In this section, we propose another novel method to solve SOC scheduling problem. This method based on the Reconfigurable Multiple Scan Chains (RMSC) architecture [16]. Basically, our method could be divided into two parts, Control Signal Selection and Registers Assignment, in Figure 3.1 shows the basic flow of our method.

#### 3.2 Module of Reconfigurable Multiple Scan Chain

The cores are prepared with internal scan chains and test vectors for each core. Reconfigurable Multiple Scan Chains (RMSC) [16] is one kind of architectures to construct the scan chains for TAM. Our algorithm is based on this architecture. We determine the order of registers in the scan-chains by the types of registers in the Registers Assignment. The definations are as fellowing:

- *n*: the number of cores in the SOC
- *C*: denotes the set of cores.  $C = (C_1, C_2, ..., C_n)$ . Notice that the cores were ordered in terms of strictly increasing test lengths. In Parallel Test Schedule, both two cores have the same start\_time and end\_time, we treat the two cores into a big single core for processing.
- *L*: denotes the set of test lengths of set C.  $L = (L_1, L_2, ..., L_n)$ . The order is the same as set *C*. In overlapped test application scheme, the test for a SOC consists of a se-



Figure 3.1. The basic flow.

quence of test sessions. Based on definitions, if there are n cores in core set *C*, there are n test sessions. The SOC test schedule could be  $(TS_1, TS_2, ..., TS_n)$ .

The example in Figure 3.2 is the modified RMSC architecture. The test sessions in Figure 3.2(a) could be showed as Figure 3.2(b). Two cores are two test sessions. The number of patterns for  $TS_i$  is  $L_i - L_{i-1}$ . In the sequence of test sessions, we could know the processes of test clearly by the name of test sessions.

Chain Cycles ( $CC_i$ ) denotes the chain cycles under the test session  $TS_i$  which is the minimum number of clocks required to shift in or shift out the test data. The scan chains are reconfigurable, each  $CC_i$  for  $TS_i$  may not be the same.

In Figure 3.3(a) shows two scan chains of Figure 3.2(a) under test session 1. For a test vector, the bottleneck is the shift-in cycles for Scan Chain 1. At the end of  $TS_1$ , the control signal  $Ctrl_1$  is activated.

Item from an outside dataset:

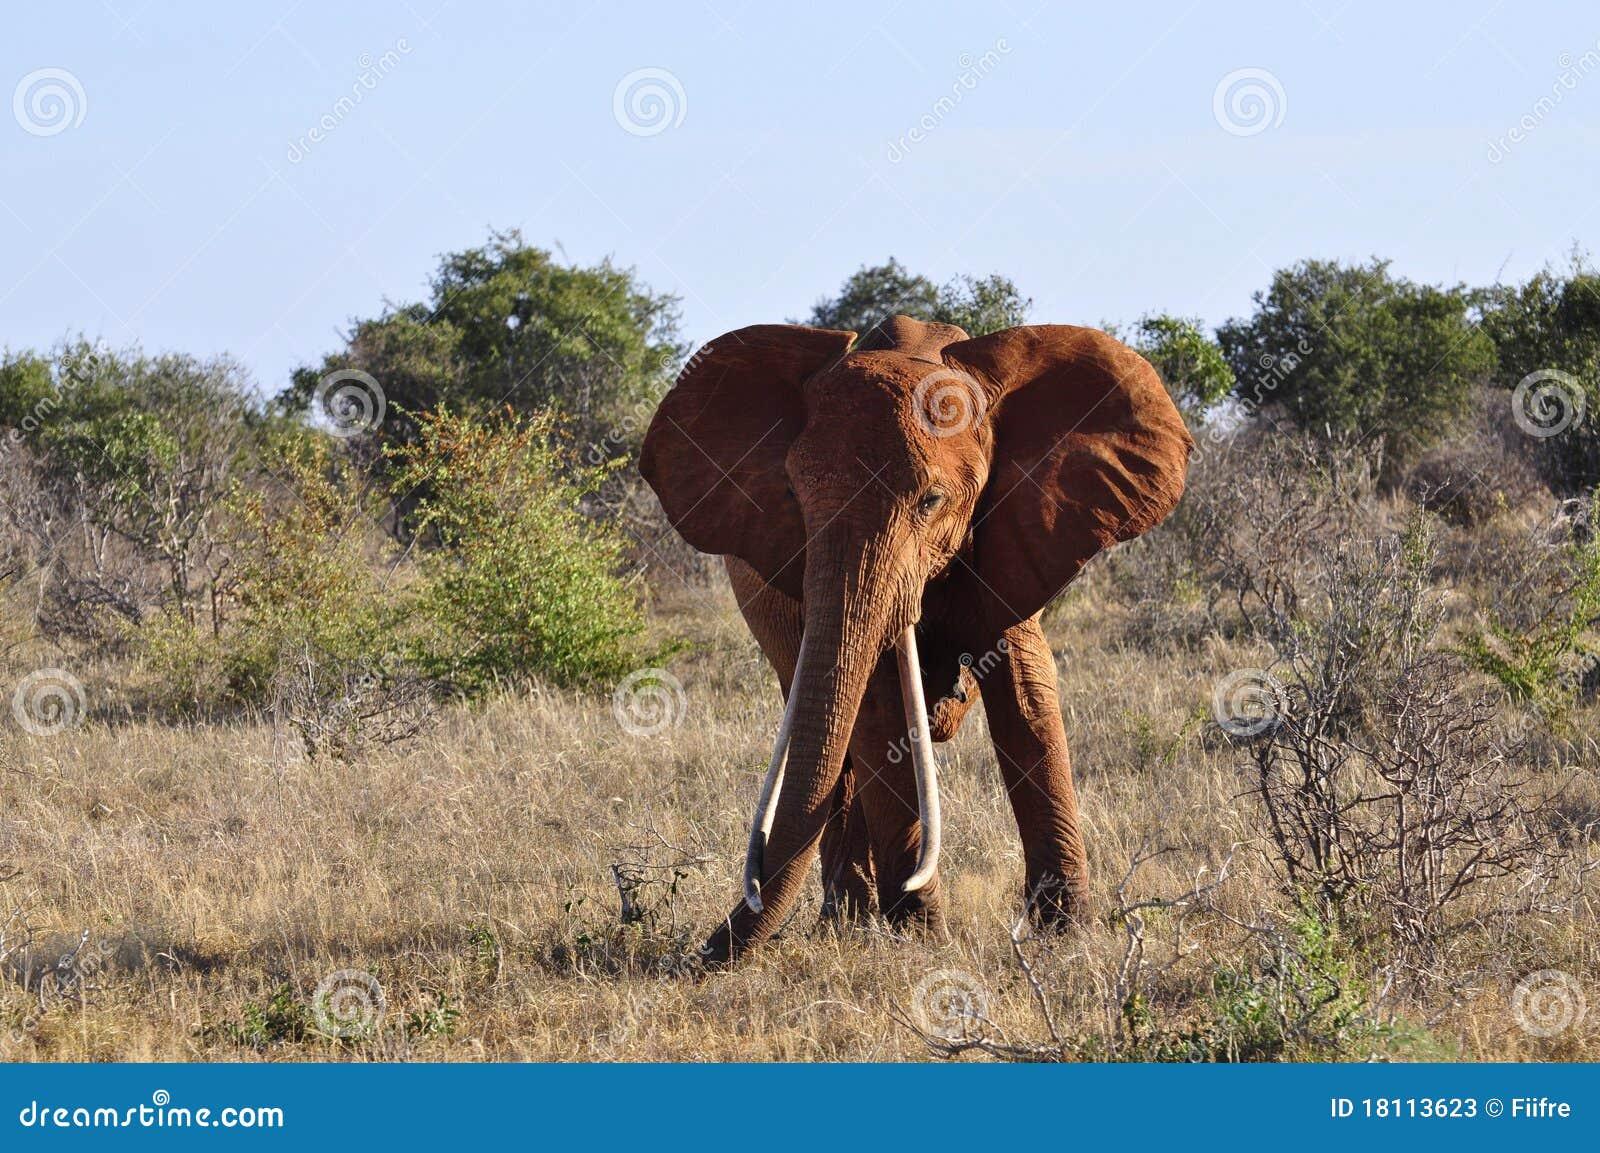 Elefant Afrika Stockbild Bild Von Grün Bettwäsche Elefanten

All the scan chains are reconfigured with  $Ctrl_1$ . This operation is shown in Figure 3.3(b). In Figure 3.3(c), there shows the scan chains with the activated  $Ctrl_1$ . All registers of Core A are bypassed  $CC_2$  for  $TS_2$  is 7.

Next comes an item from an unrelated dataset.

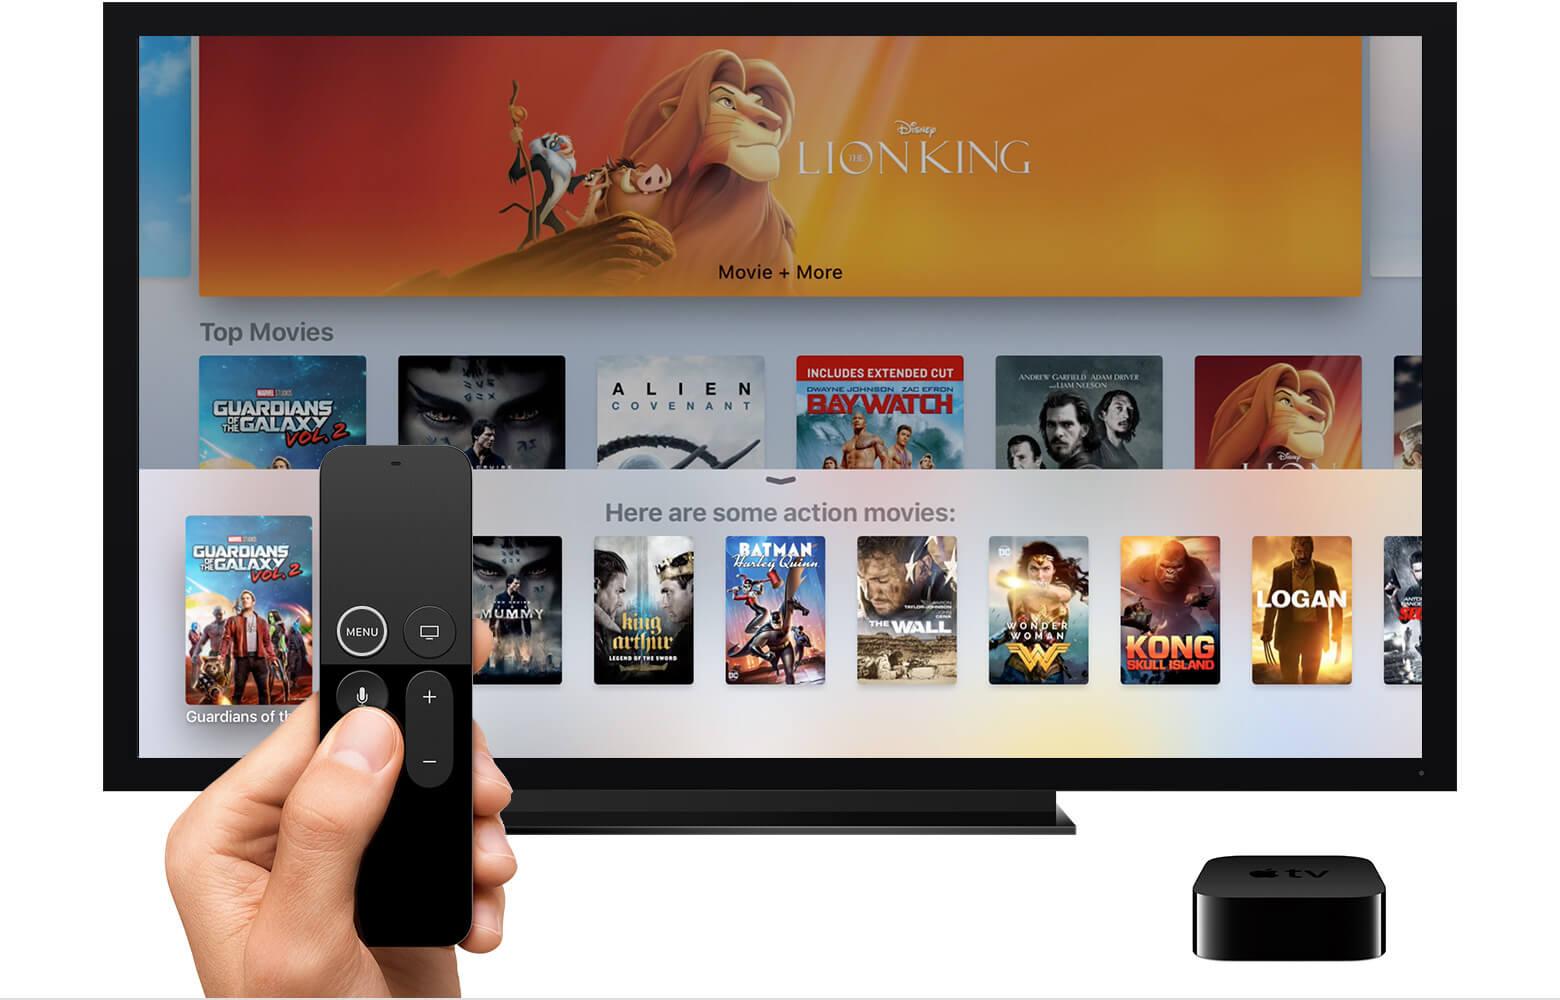 Review: apple tv 4k oferece uma experiência sólida e prática. Quer aproveitar melhor sua tv 4k compatível com hdr10? Confira o que achamos da mais nova set-top box da apple: a apple tv 4k.

In other words, the control signals and the MUXs would bypass the cores. The timing for activating the control signals should be defined as following:

- (1)  $Ctrl_i$  is activated at the end of  $TS_i$  only.
- (2) Once a control signal is activated, it remains active until the last test session. The cores bypassed by control signals means no need to feed with patterns.
- (3) Once *Ctrl<sub>i</sub>* is activated, it is possible to bypass the register in core C<sub>1</sub>, C<sub>2</sub>,..., C<sub>i</sub>. If the number of control signals is a constraint, this definition is necessary for the test schedule, which would be explain later (In 4.3). Based on the information of *CC* and set *L*, we can estimate the total test cycle of the test by the following equation:



Figure 3.2. Example of (a) reconfigurable multiple scan chain design, (b) test sessions.



Figure 3.3. Example of (a) Scan Chains for test session 1, (b) the registers by passed by  $Ctrl_1$ , (c) Scan Chain for test session 2.

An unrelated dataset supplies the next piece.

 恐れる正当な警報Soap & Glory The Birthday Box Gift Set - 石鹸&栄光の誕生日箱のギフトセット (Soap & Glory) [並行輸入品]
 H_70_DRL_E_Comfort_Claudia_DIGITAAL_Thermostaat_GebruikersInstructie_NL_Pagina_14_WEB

$$\tau = \left[\sum_{i=1}^{n} (L_i - L_{i-1})^* (CC_i + 1)\right] + CC_1, \text{ where } L_0 = 0$$
 (2)

 $\tau$  denotes the total test time(clocks). The summation is from the test session 1 to the test session n. The  $L_i - L_{i-1}$ part denotes the number of test patterns for each test session. The  $CC_i + 1$  part denotes the Chain Cycles for each test session and one capture cycle. Finally,  $CC_1$  is the initial shifting cycles.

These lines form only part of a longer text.